For help getting started see:

Reading and Writing DLTN XSL Transforms

MODS XML Order of Elements¶

Rule¶

When serializing a new MODS record, elements should follow the order defined below. This order is loosely based on how corresponding elements within MARC are positioned within a record, minus the emphasis on authorship (100 field).

identifier

[@type=”local”]
[@type=”issn/isbn”]
[@type=”extension”]
[@type=”filename”]
[@type=”pid”]

titleInfo

title
[@supplied=”yes”]:title
[@type=”alternative”]:title

abstract

tableOfContents

name

namePart
role:roleTerm

originInfo

dateCreated
dateCreated[@type=”edtf”]
dateIssued
dateIssued[@type=”edtf”]
dateOther
publisher
place:placeTerm

physicalDescription

form
extent
internetMediaType
digitalOrigin

note

subject

topic
name
geographic

genre

language:languageTerm

typeOfResource

classification

relatedItem[@displayLabel=”Project”][@type=”host”]:titleInfo:title

relatedItem[@displayLabel=”Collection”][type=”host”]:titleInfo:title

location:physicalLocation

recordInfo:recordContentSource

accessCondition

Implicit vs. Explicit Processing¶

Rule¶

For all new XSL transforms, we create XSL transforms that are implicit and based around an identity transform. A simple way to think about an identity transform is as a generic XSL transform that copies the input XML document to the output. Once we copy everything with our identity transform, we create any needed templates to create the final XML that we want.

Justification¶

When we first started our service hub, we wrote explicit transforms. They were long, difficult to read, and fragile. Whenever we needed to modify a template, refactoring was expensive.

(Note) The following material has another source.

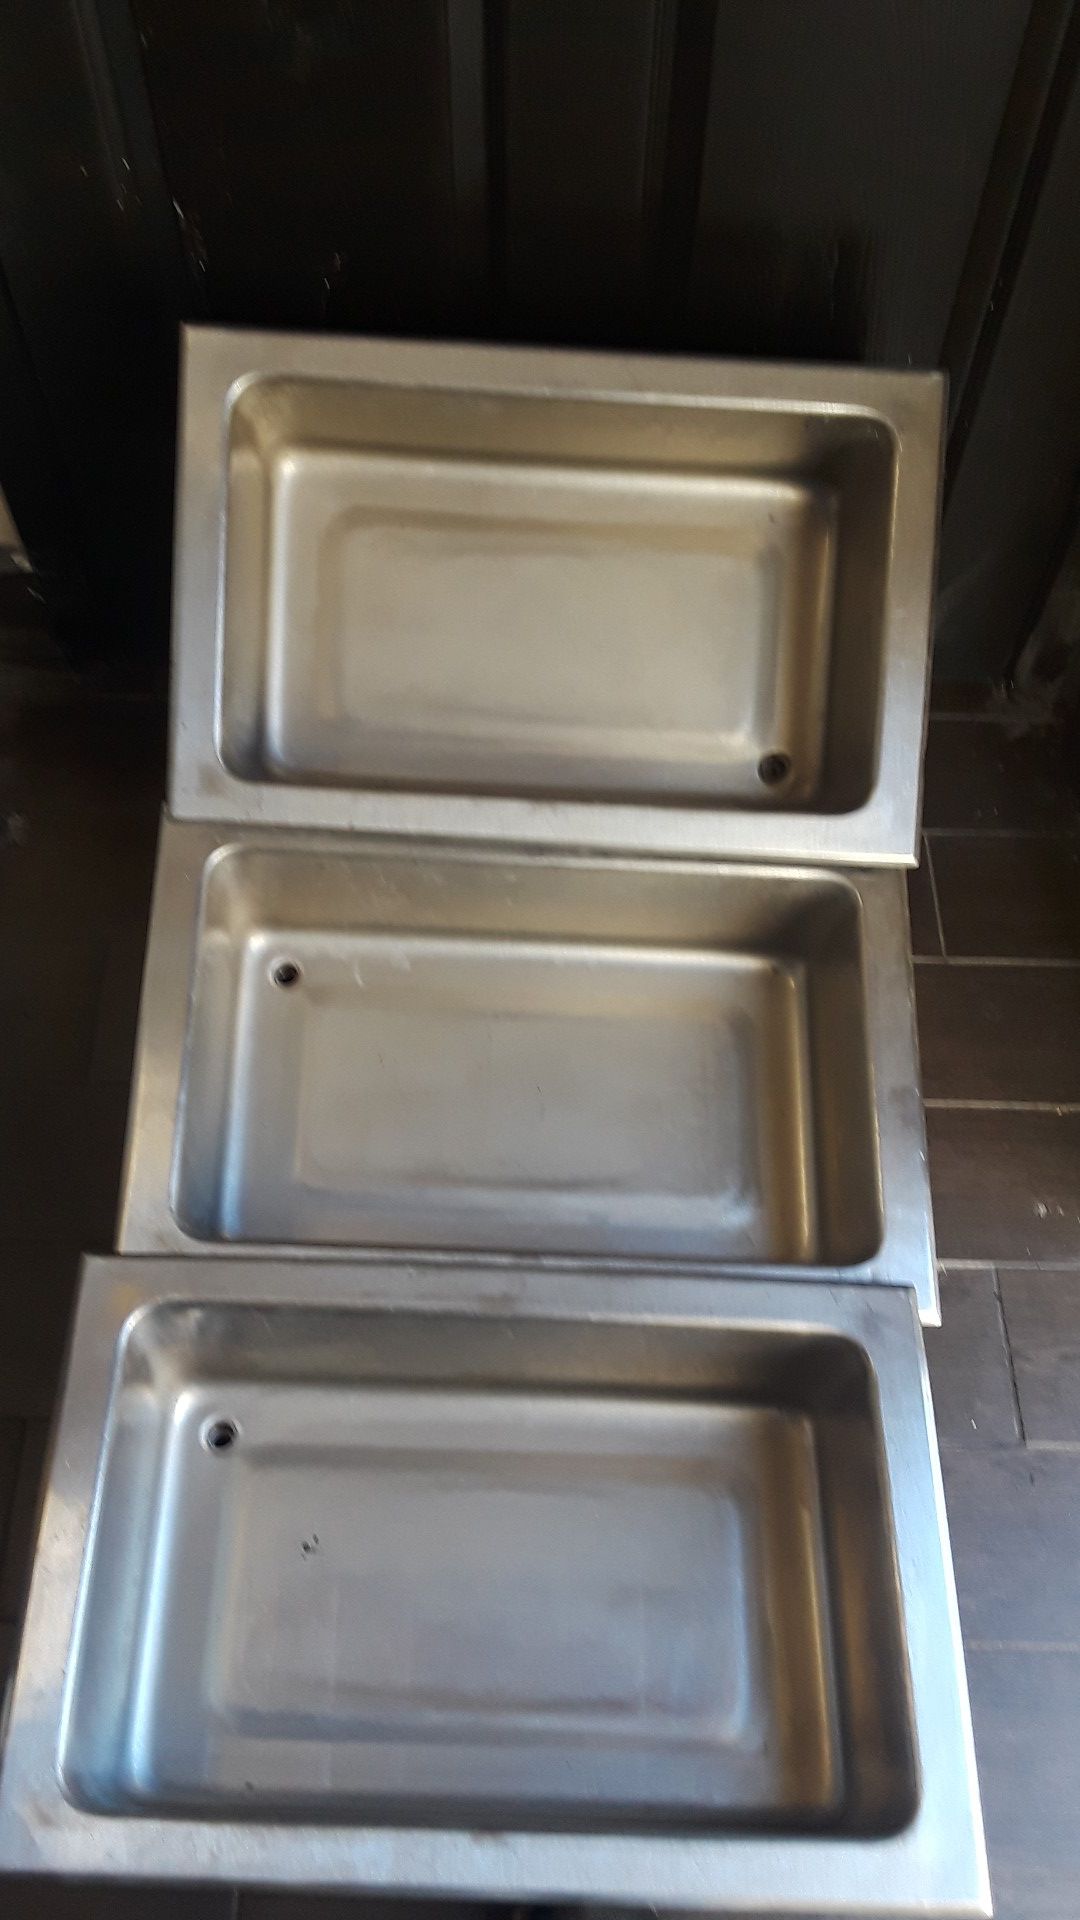 Restaurant ice box for cooling items total of three

We find implicit transforms to be less verbose, easier to read, and much easier to modify and extend.

Example¶

<?xml version="1.0" encoding="UTF-8"?>
<xsl:stylesheet xmlns:xsl="http://www.w3.org/1999/XSL/Transform" xmlns:xs="http://www.w3.org/2001/XMLSchema"
xmlns:xsi="http://www.w3.org/2001/XMLSchema-instance" xmlns:lyncode="http://www.lyncode.com/xoai"
xmlns="http://www.loc.gov/mods/v3" exclude-result-prefixes="#all"
xpath-default-namespace="http://www.lyncode.com/xoai" version="2.0">

    <!-- copy all incoming metadata with an identity transform -->
    <xsl:template match="@* | node()">
        <xsl:copy>
            <xsl:apply-templates select="@* | node()"/>
        </xsl:copy>
    </xsl:template>

    <!-- Match where the incoming records start -->
    <xsl:template match="lyncode:metadata">
        <!-- Start building our MODS -->
        <mods xmlns="http://www.loc.gov/mods/v3" version="3.5" xmlns:xsi="http://www.w3.org/2001/XMLSchema-instance"
        xsi:schemaLocation="http://www.loc.gov/mods/v3 http://www.loc.gov/standards/mods/v3/mods-3-5.xsd">

            <!-- Serialize our title -->
            <xsl:apply-templates select="element[@name = 'dc']/element[@name = 'title']/element/field"/>

        </mods>
    </xsl:template>

    <!-- Our title template -->
    <xsl:template match="element[@name = 'dc']/element[@name = 'title']/element/field">
        <titleInfo>
            <title>
                <xsl:apply-templates/>
            </title>
        </titleInfo>
    </xsl:template>

</xsl:stylesheet>

Namespacing¶

Rule¶

Stylesheets can have default namespaces for both XML and XPATH.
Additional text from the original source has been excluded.